Я начал ходить туда-сюда по квартире. Убрано у меня или нет, сейчас было наплевать. Просто внутри что-то засияло, потому как я начал снова верить, что не так уж и одинок. Пробравшись к уголку дивана, я сел, обхватил колени руками и закрыл глаза, но, понимая, что не могу уснуть, снял с себя свитер и отправился обратно на балкон. На улице светило солнце, у меня под окнами шелестела зеленая листва. Я посмотрел вдаль и увидел огромную, лежащую под моими ногами равнину с журчащей рекой между покрытыми сочной травой холмами. Как же было тепло. За горизонтом кучились облака, а полнеба разрезала радуга.
– Это рай. Папа, ты где-то здесь!
Звук домофона разбудил меня. Я так и сидел в углу кровати с затекшими руками в ни черта не снятом свитере. Встряхивая кисти, чтобы разогнать кровь, я подошел к висящей на стене трубке и ответил.

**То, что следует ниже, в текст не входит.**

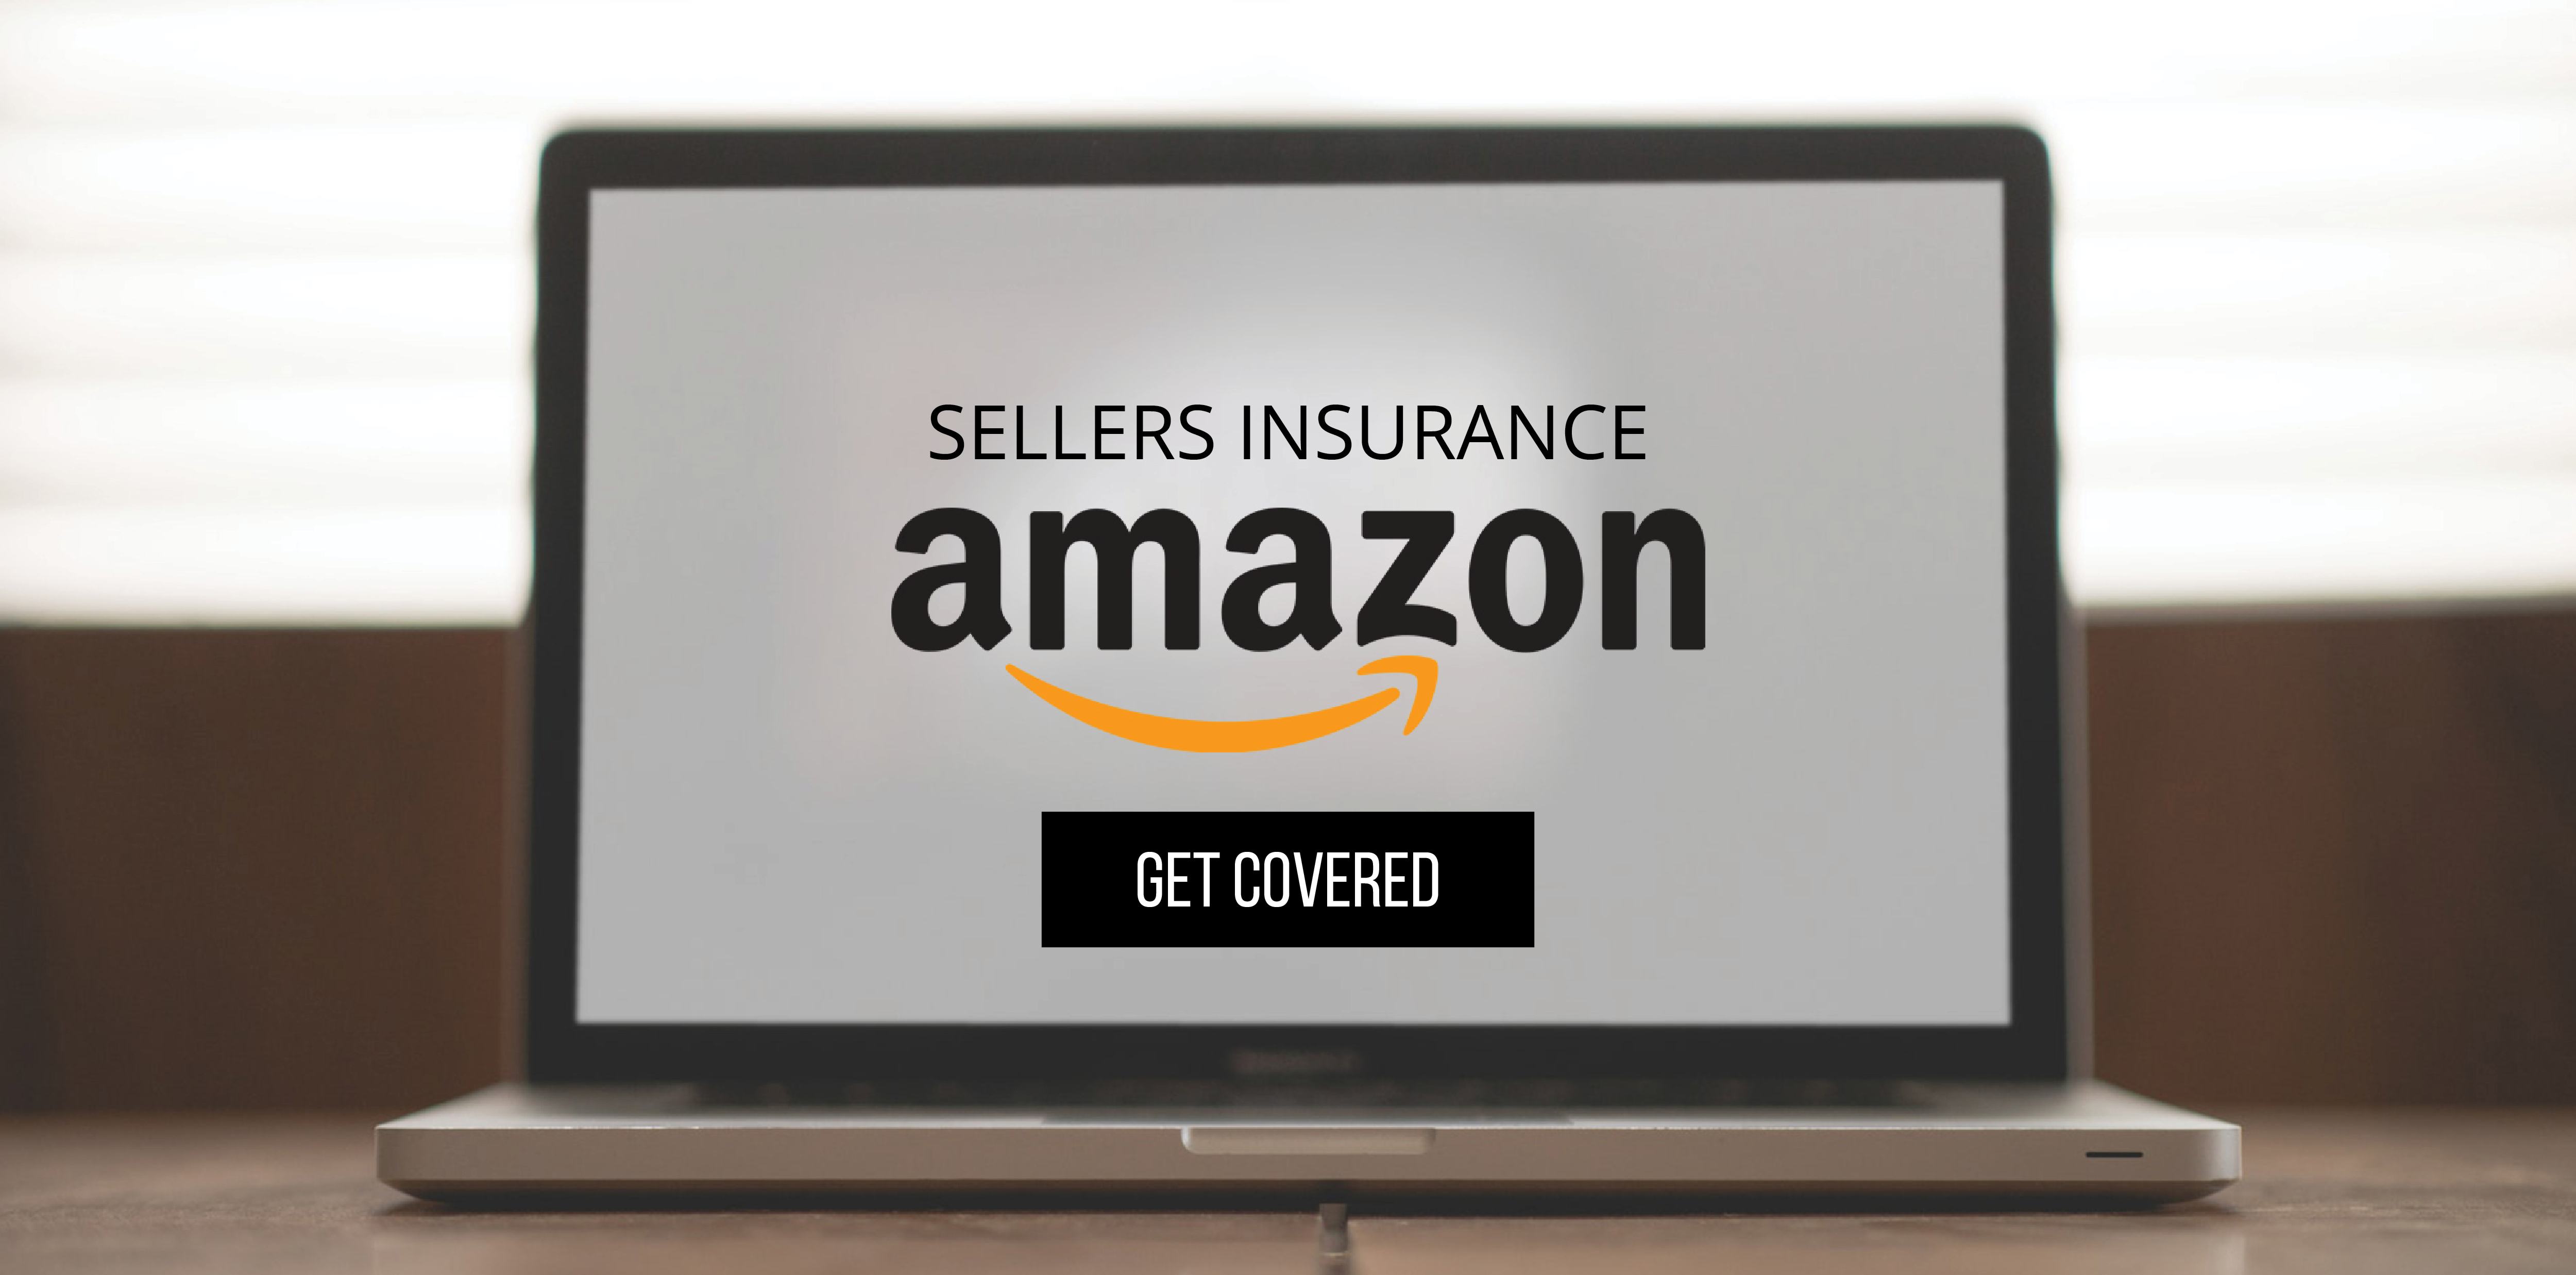 Amazon Sellers' Insurance

– Наполеон, не морозь меня, пожалуйста, здесь. Я приехала.
Кое-как нажав на кнопку еще затекшими руками и сказав этаж, я встал в проходе, открыв дверь, в ожидании.
Шли секунды. Двери лифта открылись. Элизабет еще не успела показаться, а ощущение тепла и света уже настигало меня. Дорогая дубленка, высокие ботфорты, кожаная сумка на правом плече, снег на все тех же вьющихся русых волосах, родное, только теперь уже невероятно женственное и взрослое лицо – вот то, что я увидел. И никакого кольца на пальце.

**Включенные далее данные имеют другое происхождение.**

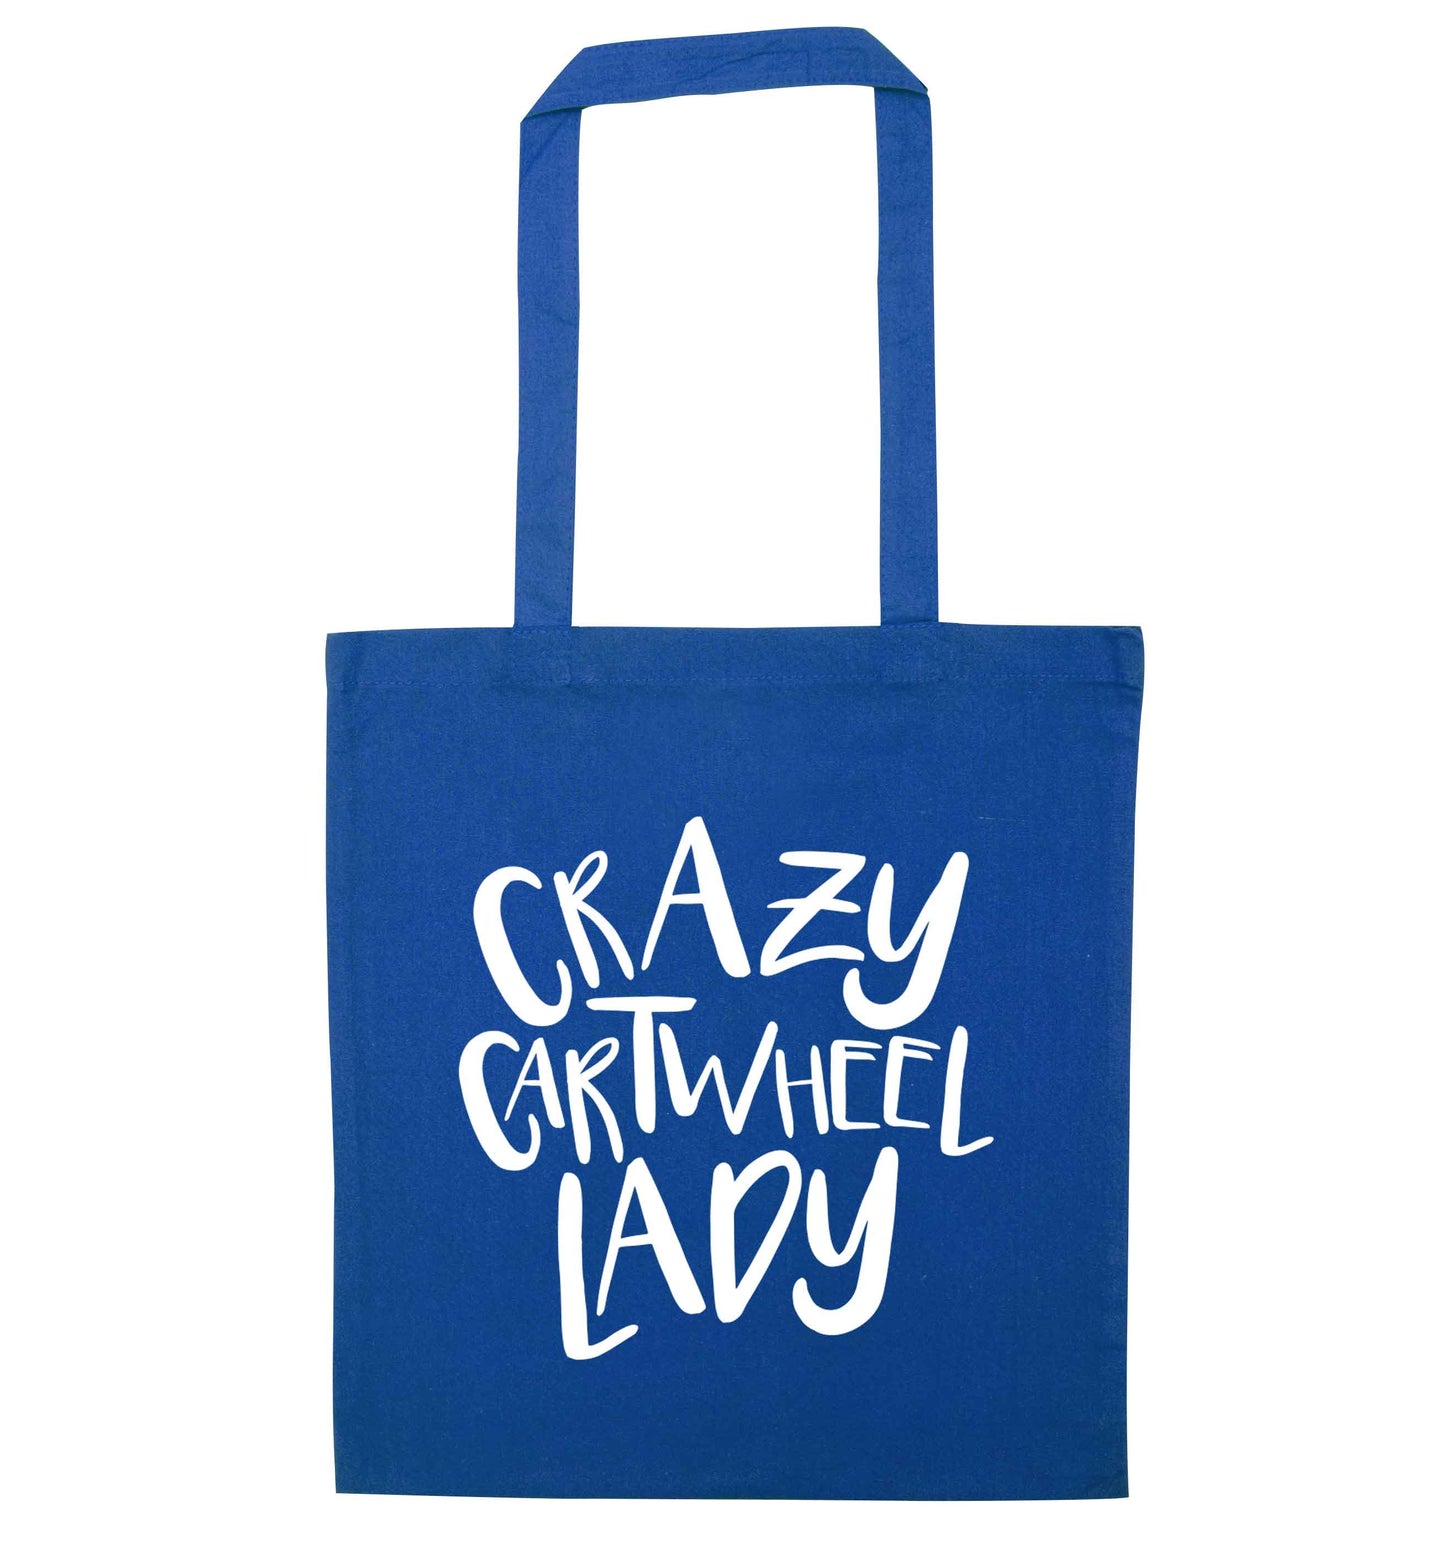 Crazy cartwheel lady blue tote bag

– Заходи скорее греться, – сказал я Лизе и закрыл за ней дверь.
– Дай я тебя обниму, умник, – произнесла моя подруга и бросилась мне на шею. Снег с ее волос таял на моих щеках, и даже от этого мне было очень тепло.
Я помог Лизе раздеться и сказал:
– Только давай не будем устраивать традиционных посиделок на кухне, а пойдем в комнату. Если ты, конечно, не голодна.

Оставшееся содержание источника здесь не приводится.